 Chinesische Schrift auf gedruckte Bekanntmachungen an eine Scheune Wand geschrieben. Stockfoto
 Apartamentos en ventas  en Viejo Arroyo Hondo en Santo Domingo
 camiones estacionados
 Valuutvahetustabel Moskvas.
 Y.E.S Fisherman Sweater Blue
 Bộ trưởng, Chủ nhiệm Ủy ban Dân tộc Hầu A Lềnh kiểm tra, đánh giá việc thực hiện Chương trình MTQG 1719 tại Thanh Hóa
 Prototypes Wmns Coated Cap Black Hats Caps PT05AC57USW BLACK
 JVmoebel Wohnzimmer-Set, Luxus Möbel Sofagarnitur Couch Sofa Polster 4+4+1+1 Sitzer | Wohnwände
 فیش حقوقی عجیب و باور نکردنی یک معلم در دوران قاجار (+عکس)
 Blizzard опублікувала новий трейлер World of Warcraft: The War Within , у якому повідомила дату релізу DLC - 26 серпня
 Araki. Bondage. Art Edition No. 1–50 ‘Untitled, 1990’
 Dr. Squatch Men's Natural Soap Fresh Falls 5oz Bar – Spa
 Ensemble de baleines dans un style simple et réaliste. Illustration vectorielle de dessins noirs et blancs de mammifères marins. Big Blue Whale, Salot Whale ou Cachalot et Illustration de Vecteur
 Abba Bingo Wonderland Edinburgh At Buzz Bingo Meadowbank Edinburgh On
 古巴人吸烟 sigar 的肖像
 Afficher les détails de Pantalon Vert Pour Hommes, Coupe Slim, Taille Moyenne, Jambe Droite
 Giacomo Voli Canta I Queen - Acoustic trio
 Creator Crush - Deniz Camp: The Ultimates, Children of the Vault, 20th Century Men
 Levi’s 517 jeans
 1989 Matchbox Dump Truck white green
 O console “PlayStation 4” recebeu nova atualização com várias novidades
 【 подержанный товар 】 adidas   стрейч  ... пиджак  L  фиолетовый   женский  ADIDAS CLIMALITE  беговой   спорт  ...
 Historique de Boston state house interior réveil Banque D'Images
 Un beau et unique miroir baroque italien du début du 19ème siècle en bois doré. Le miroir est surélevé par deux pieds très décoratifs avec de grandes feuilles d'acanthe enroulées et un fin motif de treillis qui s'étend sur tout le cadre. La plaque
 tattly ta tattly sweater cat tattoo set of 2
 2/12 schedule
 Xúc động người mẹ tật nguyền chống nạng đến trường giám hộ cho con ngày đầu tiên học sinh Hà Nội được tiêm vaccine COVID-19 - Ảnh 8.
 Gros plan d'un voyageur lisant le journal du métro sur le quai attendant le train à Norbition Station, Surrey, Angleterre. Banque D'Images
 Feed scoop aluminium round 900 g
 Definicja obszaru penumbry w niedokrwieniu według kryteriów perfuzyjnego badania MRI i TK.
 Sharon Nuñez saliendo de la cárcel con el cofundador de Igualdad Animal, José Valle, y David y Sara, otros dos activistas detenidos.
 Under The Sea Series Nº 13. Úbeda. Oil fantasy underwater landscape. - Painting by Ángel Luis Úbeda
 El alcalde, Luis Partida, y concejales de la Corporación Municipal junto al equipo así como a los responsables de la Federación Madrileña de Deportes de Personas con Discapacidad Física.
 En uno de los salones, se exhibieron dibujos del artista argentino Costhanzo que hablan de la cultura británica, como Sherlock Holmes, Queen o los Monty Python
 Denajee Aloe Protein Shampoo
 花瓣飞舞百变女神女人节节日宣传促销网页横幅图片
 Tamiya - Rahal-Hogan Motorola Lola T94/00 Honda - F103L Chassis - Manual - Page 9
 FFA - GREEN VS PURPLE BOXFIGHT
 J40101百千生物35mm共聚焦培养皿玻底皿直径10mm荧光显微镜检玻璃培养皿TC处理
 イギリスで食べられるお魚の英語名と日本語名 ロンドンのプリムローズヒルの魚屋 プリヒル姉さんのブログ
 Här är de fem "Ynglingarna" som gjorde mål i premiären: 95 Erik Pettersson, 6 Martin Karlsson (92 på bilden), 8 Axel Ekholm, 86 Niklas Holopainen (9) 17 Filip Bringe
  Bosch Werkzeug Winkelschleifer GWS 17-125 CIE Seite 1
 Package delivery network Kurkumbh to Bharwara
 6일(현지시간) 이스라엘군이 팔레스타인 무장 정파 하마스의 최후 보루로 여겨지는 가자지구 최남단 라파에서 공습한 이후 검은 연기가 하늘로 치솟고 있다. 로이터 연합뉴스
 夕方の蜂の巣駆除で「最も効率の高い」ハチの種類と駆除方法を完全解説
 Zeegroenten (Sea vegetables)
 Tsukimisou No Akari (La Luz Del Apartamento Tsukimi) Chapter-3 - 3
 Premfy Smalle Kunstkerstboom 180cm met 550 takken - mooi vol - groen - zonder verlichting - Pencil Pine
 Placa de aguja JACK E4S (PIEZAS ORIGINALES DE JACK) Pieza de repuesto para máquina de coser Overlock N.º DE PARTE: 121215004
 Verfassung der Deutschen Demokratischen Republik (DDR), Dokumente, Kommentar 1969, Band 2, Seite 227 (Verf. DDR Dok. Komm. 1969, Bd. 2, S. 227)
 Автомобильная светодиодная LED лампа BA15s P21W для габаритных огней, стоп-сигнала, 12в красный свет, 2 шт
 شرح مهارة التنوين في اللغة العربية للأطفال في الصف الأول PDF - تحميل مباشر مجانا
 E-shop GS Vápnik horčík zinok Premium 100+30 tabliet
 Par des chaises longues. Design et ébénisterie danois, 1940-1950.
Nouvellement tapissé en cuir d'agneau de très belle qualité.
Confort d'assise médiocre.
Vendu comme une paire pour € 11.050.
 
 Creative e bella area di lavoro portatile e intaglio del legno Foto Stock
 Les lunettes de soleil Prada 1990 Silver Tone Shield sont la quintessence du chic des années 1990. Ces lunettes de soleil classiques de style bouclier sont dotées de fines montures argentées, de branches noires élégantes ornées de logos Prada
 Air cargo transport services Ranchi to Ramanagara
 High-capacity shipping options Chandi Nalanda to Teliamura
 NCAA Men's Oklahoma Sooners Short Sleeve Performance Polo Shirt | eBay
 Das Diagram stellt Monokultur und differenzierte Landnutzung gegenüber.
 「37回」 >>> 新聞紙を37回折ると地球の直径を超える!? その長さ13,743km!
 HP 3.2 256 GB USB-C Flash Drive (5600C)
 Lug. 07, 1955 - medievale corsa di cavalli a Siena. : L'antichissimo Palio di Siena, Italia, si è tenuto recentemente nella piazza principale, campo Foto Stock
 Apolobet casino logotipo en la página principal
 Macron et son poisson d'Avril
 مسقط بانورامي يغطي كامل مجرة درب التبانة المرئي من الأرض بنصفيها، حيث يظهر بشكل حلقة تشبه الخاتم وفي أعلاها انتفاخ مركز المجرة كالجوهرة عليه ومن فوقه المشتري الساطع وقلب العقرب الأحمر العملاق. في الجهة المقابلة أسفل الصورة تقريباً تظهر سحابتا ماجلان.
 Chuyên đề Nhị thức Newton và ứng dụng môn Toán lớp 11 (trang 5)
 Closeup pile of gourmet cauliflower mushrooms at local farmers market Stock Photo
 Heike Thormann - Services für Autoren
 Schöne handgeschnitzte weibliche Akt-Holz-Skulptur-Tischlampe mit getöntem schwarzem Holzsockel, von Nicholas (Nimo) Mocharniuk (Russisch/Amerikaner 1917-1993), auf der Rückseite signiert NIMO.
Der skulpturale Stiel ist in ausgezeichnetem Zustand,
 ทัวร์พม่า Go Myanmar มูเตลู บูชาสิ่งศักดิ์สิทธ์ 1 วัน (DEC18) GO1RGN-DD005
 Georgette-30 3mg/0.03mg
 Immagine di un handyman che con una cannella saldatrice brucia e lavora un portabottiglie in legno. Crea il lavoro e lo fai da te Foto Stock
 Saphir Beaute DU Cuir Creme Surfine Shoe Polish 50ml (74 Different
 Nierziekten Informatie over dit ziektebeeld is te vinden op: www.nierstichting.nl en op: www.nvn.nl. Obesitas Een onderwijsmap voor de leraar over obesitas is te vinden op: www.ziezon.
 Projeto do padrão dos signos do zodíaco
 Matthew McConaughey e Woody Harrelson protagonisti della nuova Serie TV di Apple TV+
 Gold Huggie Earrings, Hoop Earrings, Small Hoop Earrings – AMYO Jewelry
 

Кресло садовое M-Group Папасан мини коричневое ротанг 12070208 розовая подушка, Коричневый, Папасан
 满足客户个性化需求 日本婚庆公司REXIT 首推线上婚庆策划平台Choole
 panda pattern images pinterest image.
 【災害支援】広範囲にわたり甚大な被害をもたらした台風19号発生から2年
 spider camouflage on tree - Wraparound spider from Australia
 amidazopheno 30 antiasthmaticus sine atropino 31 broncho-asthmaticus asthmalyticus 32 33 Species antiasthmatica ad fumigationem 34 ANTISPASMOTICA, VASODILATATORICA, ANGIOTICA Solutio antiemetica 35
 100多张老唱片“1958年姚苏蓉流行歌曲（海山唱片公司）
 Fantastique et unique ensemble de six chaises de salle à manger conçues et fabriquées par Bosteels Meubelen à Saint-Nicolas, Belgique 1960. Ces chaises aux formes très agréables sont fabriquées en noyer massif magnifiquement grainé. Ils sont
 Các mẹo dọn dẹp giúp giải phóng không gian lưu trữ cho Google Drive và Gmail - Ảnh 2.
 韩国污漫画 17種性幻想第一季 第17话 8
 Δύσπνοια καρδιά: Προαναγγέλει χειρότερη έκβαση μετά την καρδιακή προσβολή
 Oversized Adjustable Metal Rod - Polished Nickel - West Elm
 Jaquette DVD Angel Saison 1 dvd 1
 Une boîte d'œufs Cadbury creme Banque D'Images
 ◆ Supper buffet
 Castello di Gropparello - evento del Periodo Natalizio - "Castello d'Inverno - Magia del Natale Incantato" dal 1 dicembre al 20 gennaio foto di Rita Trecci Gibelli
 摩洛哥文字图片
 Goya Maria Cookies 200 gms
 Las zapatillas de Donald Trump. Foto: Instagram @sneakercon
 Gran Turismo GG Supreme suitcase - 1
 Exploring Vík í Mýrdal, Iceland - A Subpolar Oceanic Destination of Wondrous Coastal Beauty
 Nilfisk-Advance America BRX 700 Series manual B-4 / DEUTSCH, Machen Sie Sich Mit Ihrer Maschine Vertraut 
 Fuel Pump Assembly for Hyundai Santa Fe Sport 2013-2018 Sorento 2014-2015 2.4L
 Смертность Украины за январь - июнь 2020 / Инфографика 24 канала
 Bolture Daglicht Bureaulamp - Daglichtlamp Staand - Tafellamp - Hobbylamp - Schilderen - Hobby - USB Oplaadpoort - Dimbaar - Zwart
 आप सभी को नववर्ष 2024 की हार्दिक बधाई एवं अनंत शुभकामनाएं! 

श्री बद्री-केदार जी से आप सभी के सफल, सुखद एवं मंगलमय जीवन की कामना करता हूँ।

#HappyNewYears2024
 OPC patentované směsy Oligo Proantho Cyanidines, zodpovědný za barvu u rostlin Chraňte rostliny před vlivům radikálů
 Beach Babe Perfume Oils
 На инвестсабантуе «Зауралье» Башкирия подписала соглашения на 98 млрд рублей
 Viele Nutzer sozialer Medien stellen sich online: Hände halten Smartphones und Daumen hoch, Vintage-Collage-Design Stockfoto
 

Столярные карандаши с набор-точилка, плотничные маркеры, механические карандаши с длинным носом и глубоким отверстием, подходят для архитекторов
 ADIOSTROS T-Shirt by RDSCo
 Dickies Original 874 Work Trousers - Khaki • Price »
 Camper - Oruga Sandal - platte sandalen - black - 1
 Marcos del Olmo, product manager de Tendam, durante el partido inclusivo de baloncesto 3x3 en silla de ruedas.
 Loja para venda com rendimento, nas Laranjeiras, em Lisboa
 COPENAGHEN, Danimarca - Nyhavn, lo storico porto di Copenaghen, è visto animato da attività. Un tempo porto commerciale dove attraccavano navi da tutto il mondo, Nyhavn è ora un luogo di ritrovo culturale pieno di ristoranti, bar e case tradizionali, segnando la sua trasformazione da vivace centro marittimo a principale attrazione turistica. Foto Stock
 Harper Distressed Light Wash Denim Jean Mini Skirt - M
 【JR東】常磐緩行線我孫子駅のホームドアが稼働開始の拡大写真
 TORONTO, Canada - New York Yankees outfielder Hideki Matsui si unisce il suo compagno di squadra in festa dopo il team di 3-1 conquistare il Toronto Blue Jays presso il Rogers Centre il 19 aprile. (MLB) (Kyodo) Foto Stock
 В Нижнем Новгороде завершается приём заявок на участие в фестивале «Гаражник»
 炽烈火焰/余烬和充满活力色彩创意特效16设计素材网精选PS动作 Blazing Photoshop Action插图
┄┄┄┄┄┄┄┄┄┄
Using the data above, reproduce exactly the lines between those holding "Giacomo Voli Canta I Queen - Acoustic trio" and "1989 Matchbox Dump Truck white green", inclusive, and no others.

 Giacomo Voli Canta I Queen - Acoustic trio
 Creator Crush - Deniz Camp: The Ultimates, Children of the Vault, 20th Century Men
 Levi’s 517 jeans
 1989 Matchbox Dump Truck white green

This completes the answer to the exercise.